How the Street Gangs Took Central America

WHILE WASHINGTON SLEPT

Last December, a bus driving through the northern city of Chamalecon in Honduras was stopped by gunmen. The assailants quickly surrounded the bus and opened fire with their AK-47s, killing 28 passengers. The attackers, police later revealed, had been members of a notorious street gang known as Mara Salvatrucha (or MS-13) and had chosen their victims at random. The slaughter had nothing to do with the identities of the people onboard; it was meant as a protest and a warning against the government's crackdown on gang activities in the country. (U.S. officials subsequently arrested Ebner Anibal Rivera-Paz, thought to be the mastermind of the attack, in February in the Texas town of Falfurrias.)

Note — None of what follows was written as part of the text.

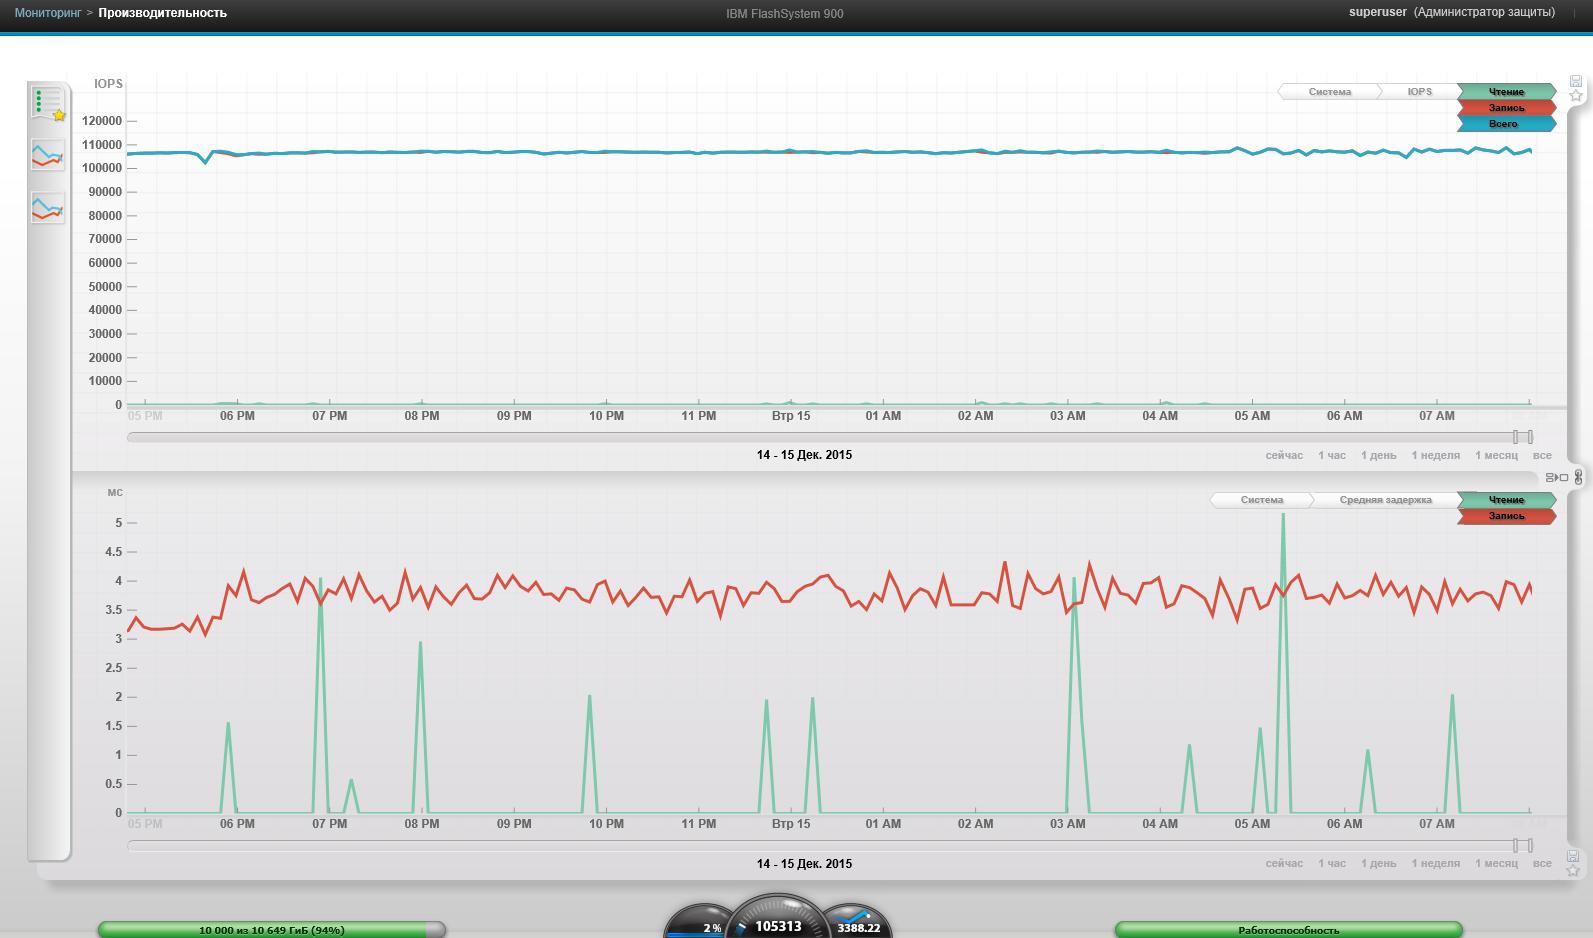 Обзор и тестирование флеш-хранилища от IBM FlashSystem 900 - 20

The attack and the subsequent arrest were only the latest sign of the growing power of Central America's gangs and their ability to shuttle between their home countries and the United States. In the past few years, as Washington has focused its attention on the Middle East, it has virtually ignored a dangerous phenomenon close to home. Ultraviolent youth gangs, spawned in the ghettos of Los Angeles and other U.S. cities, have slowly migrated south to Central America, where they have transformed themselves into powerful, cross-border crime networks. With the United States preoccupied elsewhere, the gangs have grown in power and numbers; today, local officials estimate their size at 70,000-100,000 members. The marabuntas, or maras, as they are known (after a deadly species of local ants), now pose the most serious challenge to peace in the region since the end of Central America's civil wars.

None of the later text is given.